Born in 1948, Latika Katt was among India’s foremost sculptors known for her experimental oeuvre, for which she innovated with a range of materials such as bronze, stone, and cow dung. She was also known for her busts of important personalities. She was a professor at the Jamia
Millia Islamia University, New Delhi, and divided her time between Delhi and Banaras. Katt received her BFA from Banaras Hindu University and MFA from the Faculty of Fine Arts, M. S. University, Baroda, in 1971. She was also the recipient of a research scholarship from the Slade School of Art, London in 1981.

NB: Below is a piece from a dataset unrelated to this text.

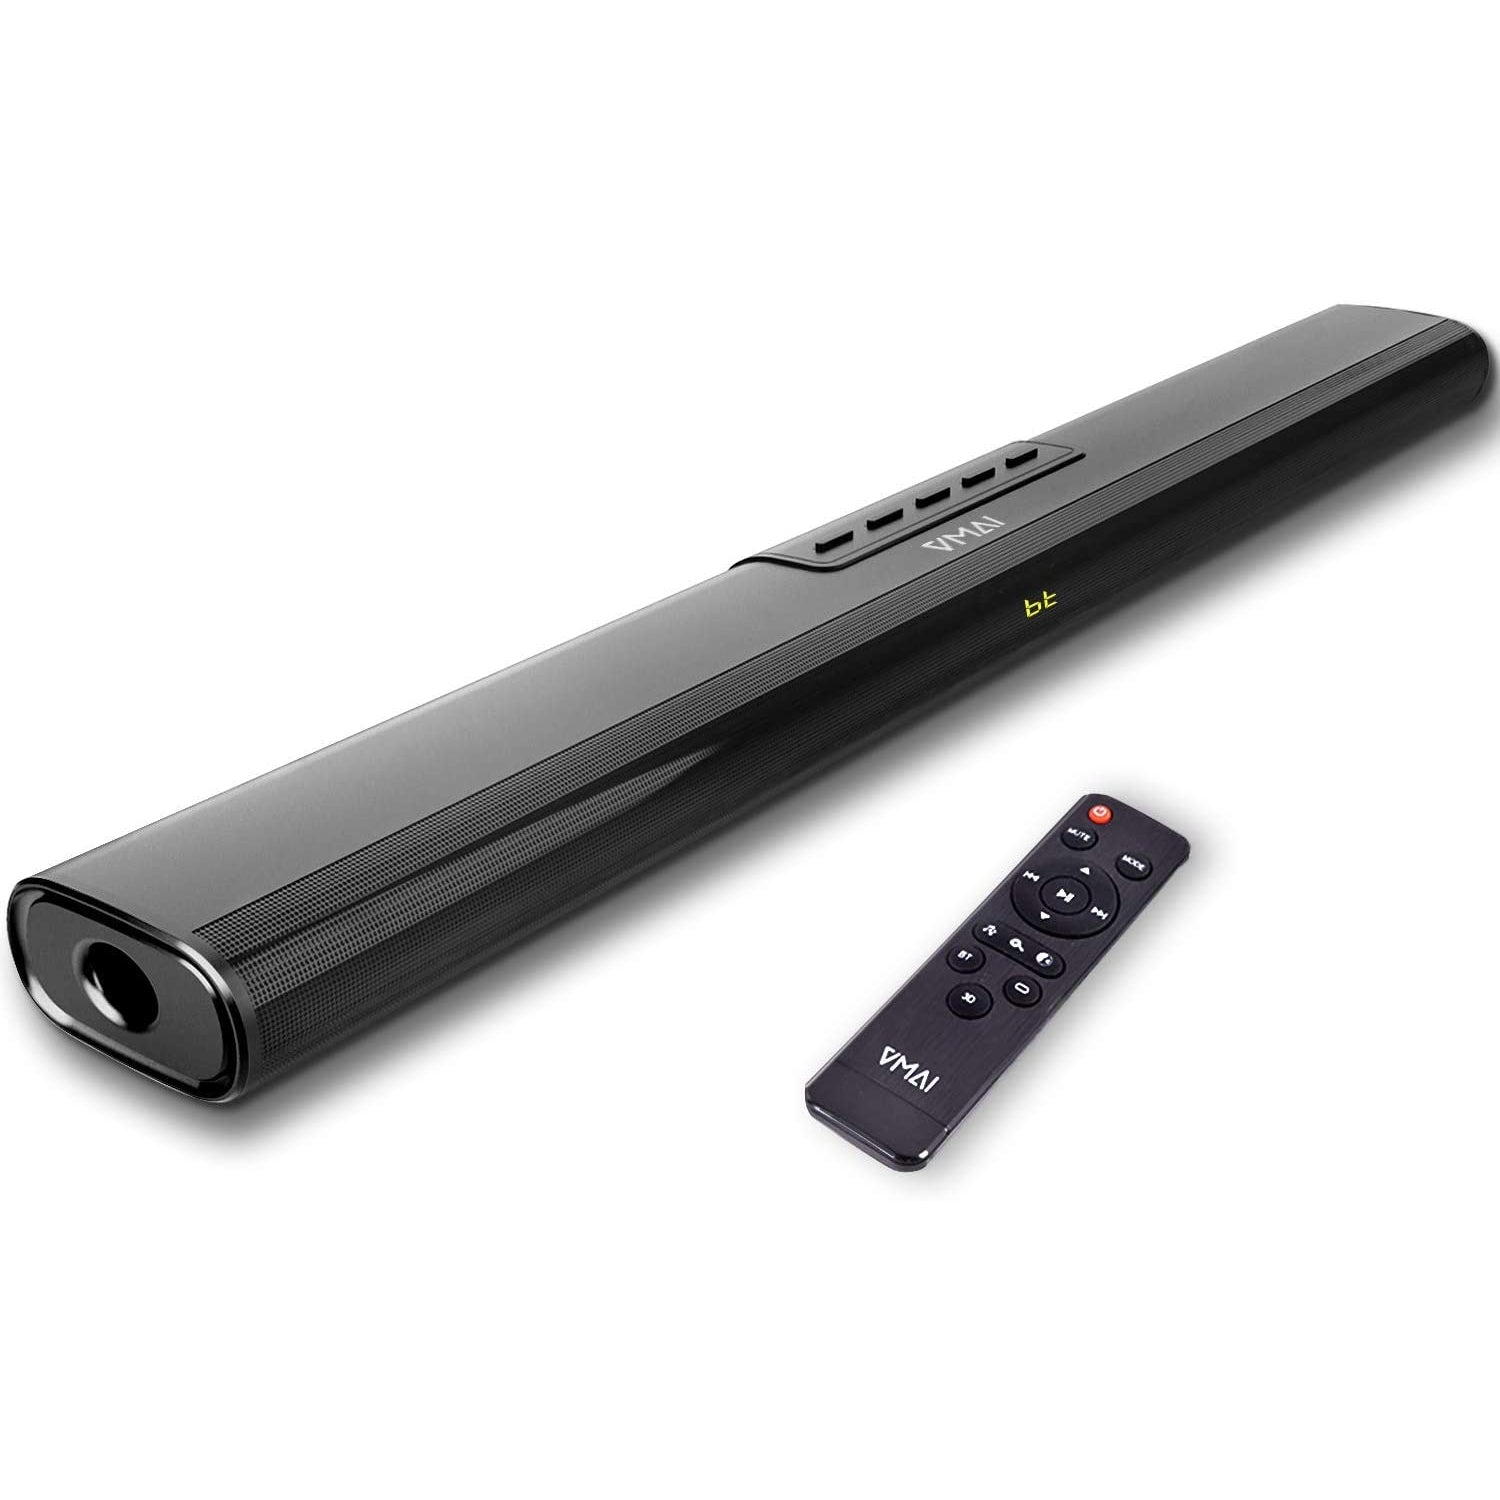 VMAI Soundbar S5 with Built-in Subwoofer, Wired & Wireless Bluetooth 5.0 Speaker for TV

Some of her seminal international exhibitions were at the Paris Biennale, Museum of Modern Art, Paris (1980), ‘STREE’ Show at Moscow, Leningrad & Tashkent (1988), International New Art Form Show at Chicago, US (1991), Osaka Triennale, Japan (1993), Asian Pacific Show, Bahrain (2000), and the Fourth International Art Biennale in Beijing (2010), among others. She had an equally robust exhibition calendar within India, with shows in the National Gallery of Modern Art, Delhi; Cymroza Gallery, Mumbai; Sakshi Gallery, Mumbai, among others. Her final body of works are currently on show at The Sculpture Park in Jaipur.
About The Work
Courtesy of the artist, Varanasi
With a career as a sculptor which spans six decades, Katt would cite two primary influences on her work: Nature and the city where she chose to live for most of her life: Varanasi. While she had worked extensively in a figurative mode, with some important commissions under her belt, it is for her abstract work that she is primarily known. She worked with every material possible and exhaustively explored all methods: modelling, carving, and casting. In the exhibition we have three varieties of her work, with a group of twenty new works which combine cast bronze with carved stone on display in one courtyard. These works, collectively entitled the “Abandoned” series, start with bronzes that have been cast from waxes concocted by the artist. These bronzes are then mounted within larger stones, of varying types, as a gem might be set into a gold or silver mount for presentation as a brooch. The two different materials fuse together into a new, sympathetic configuration that might resemble an archeological dig, a technological device, a surgical implant, or forgotten architecture. Also on view are two sculptures made solely from terracotta clay that speak to the artist’s interest in insects, as they bear similarities with termite mounds or wasp nests. To finish are two large sculptures of wood that are suspended from the ceiling, one with the addition of some copper elements, that exploit the characteristics of found branches and their linearity.